Data extract
################

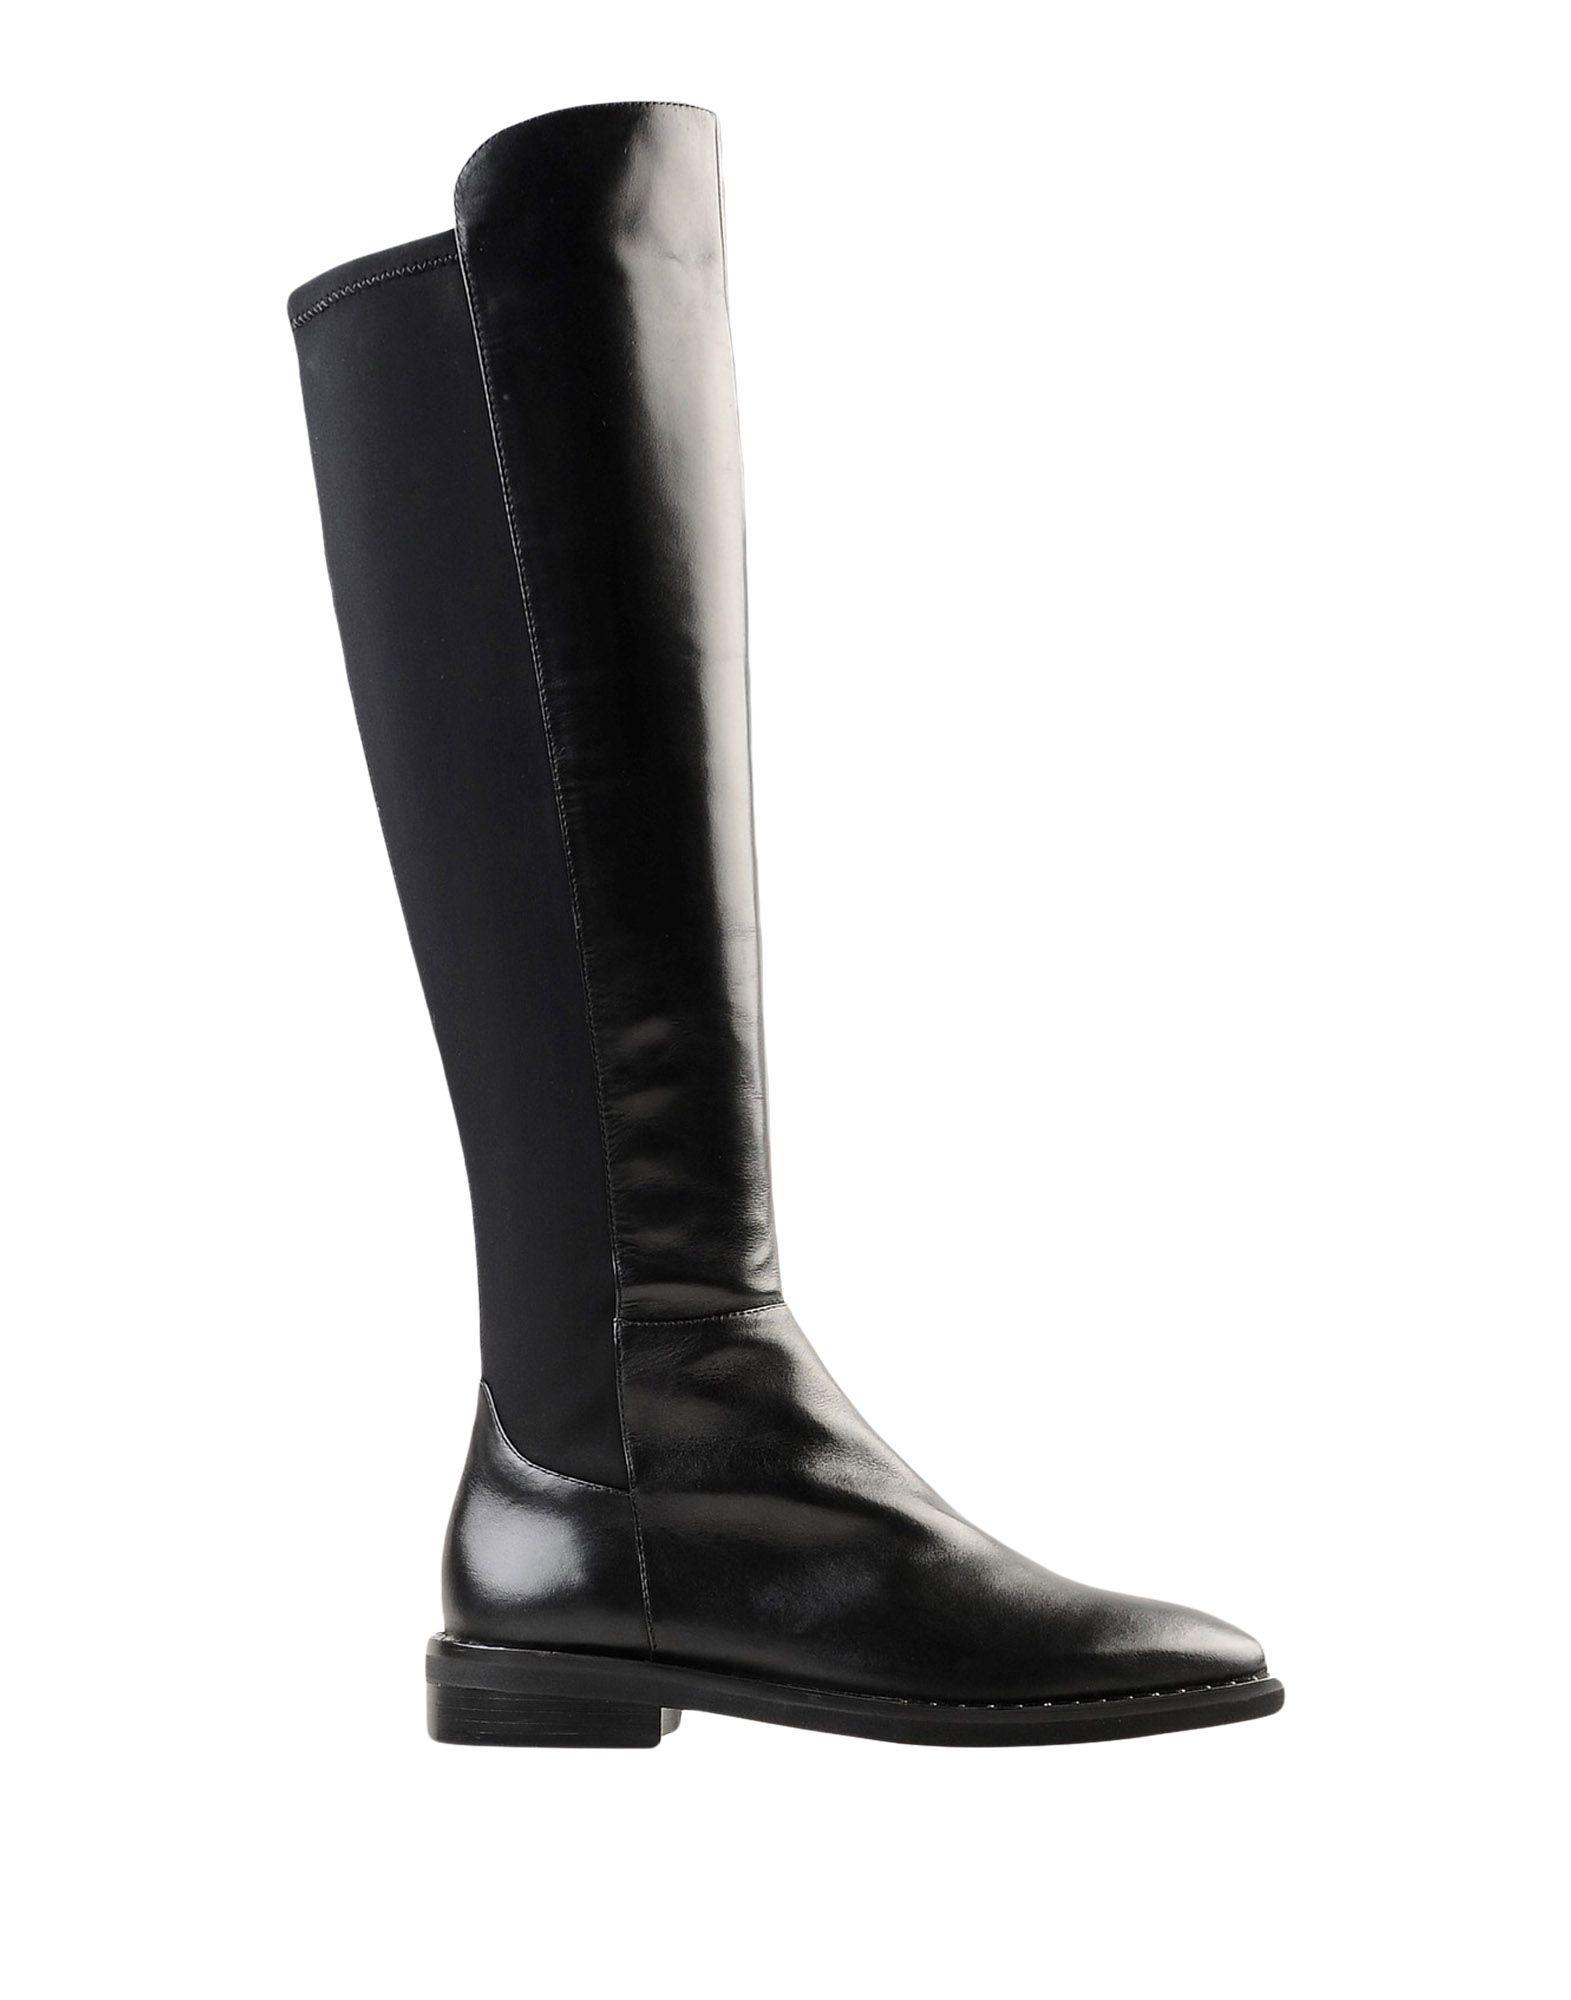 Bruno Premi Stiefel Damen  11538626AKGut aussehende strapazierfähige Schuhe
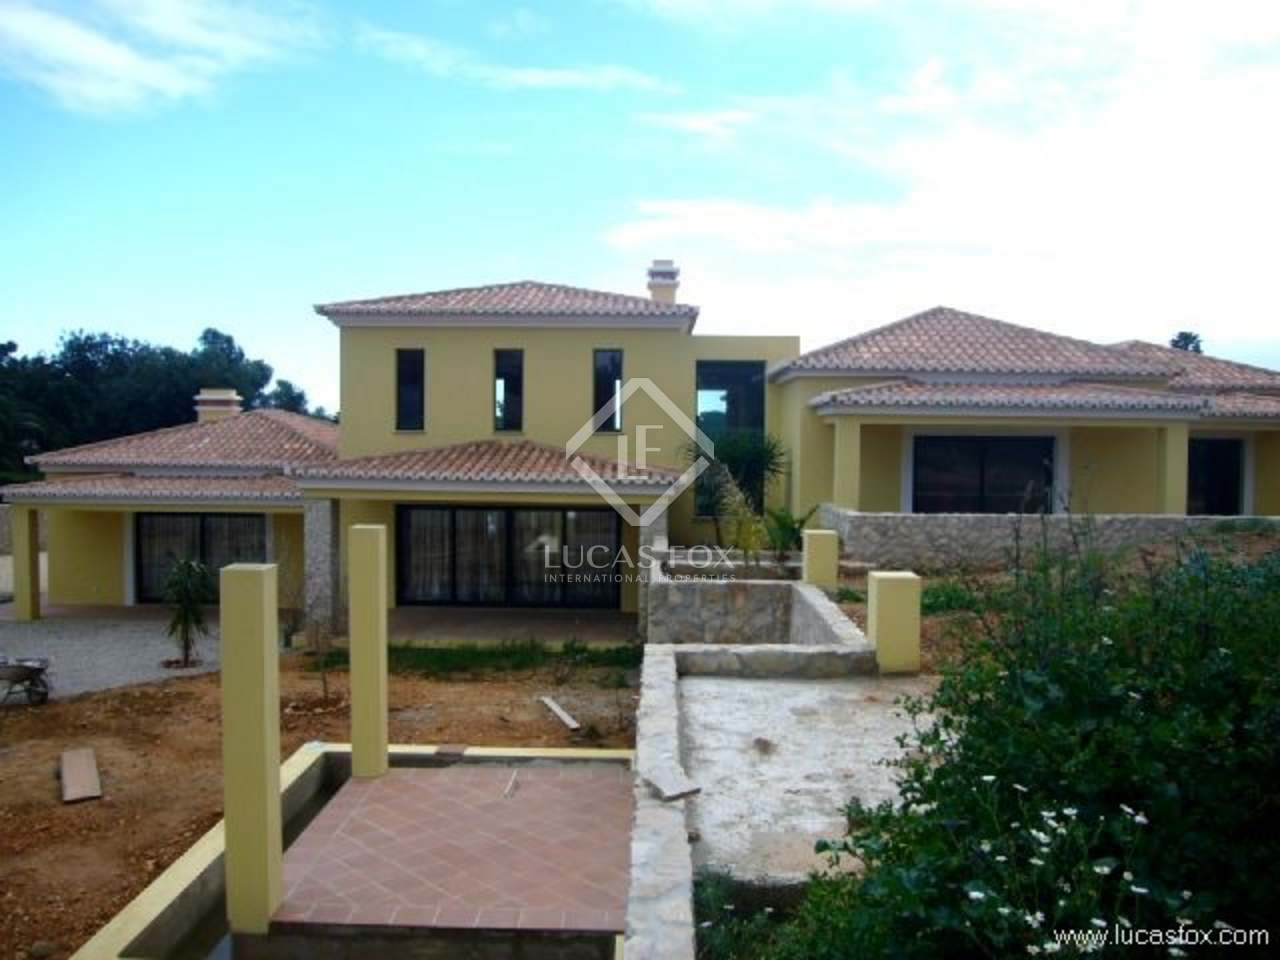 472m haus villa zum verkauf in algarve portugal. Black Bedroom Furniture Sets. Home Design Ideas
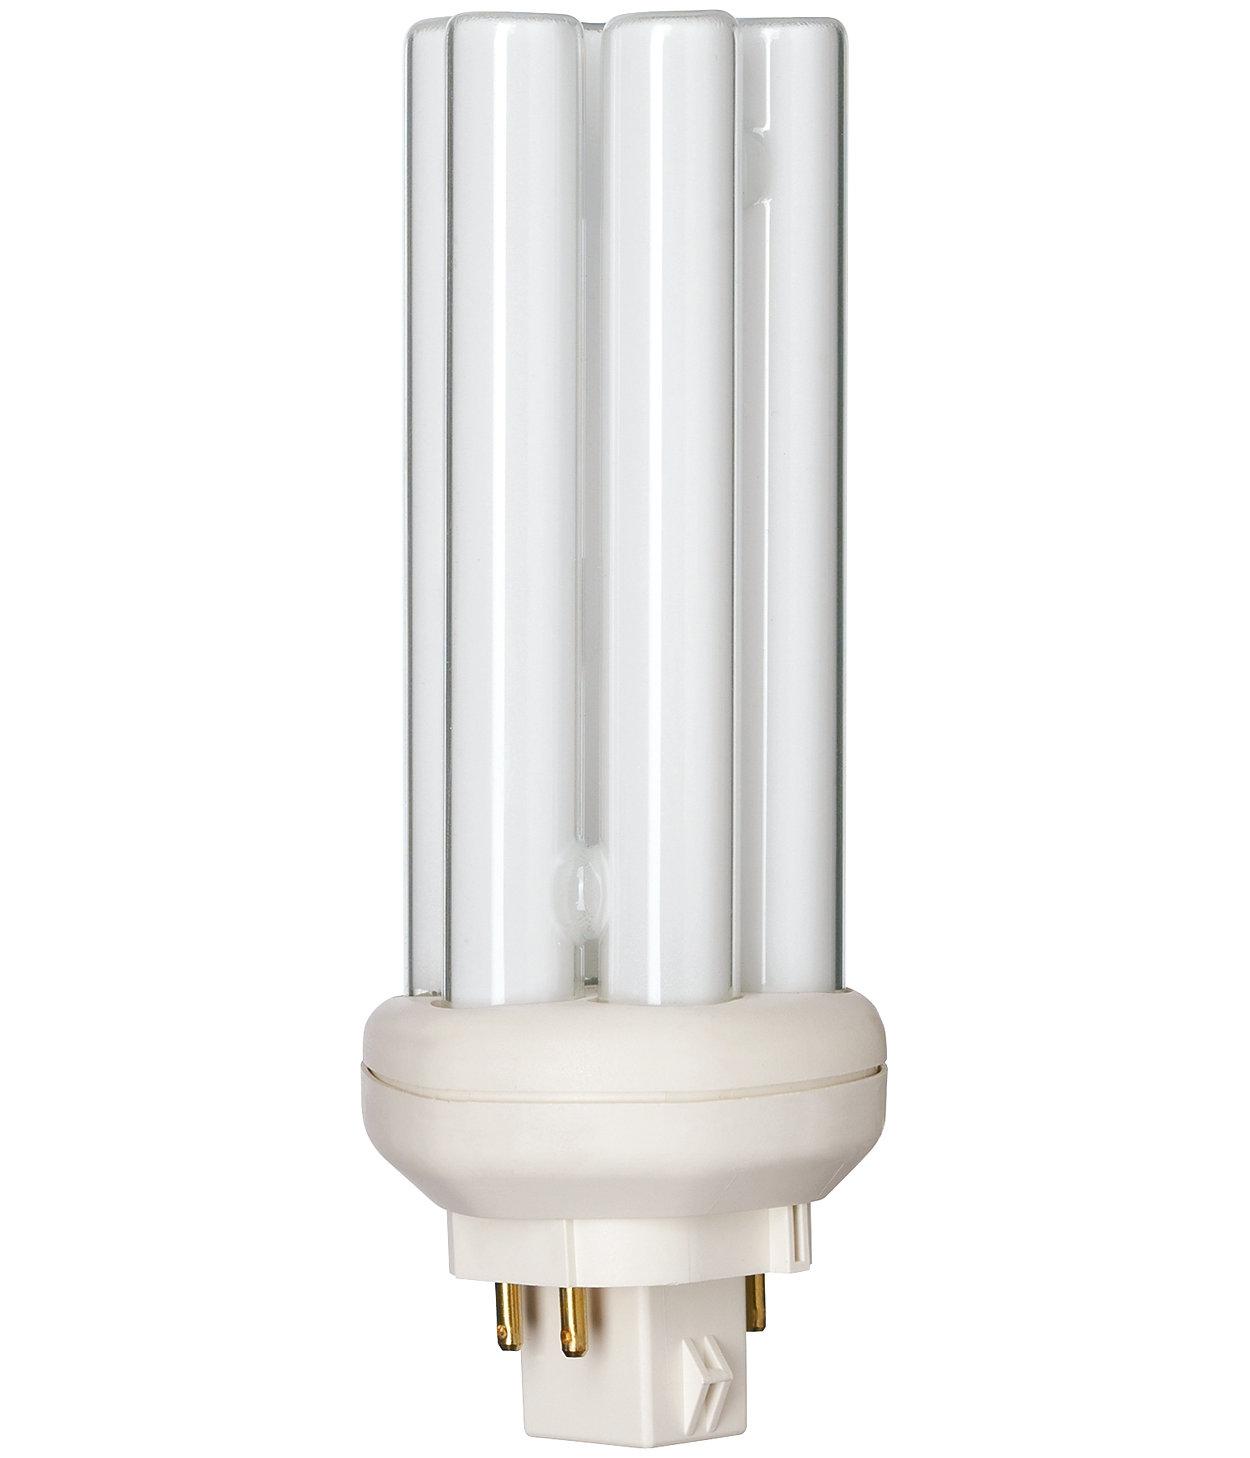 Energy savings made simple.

################

Exercise directions
Once the pictures are removed, print all the remaining data exactly as it stands.

Exercise output
 Bruno Premi Stiefel Damen  11538626AKGut aussehende strapazierfähige Schuhe
 472m haus villa zum verkauf in algarve portugal. Black Bedroom Furniture Sets. Home Design Ideas
 Energy savings made simple.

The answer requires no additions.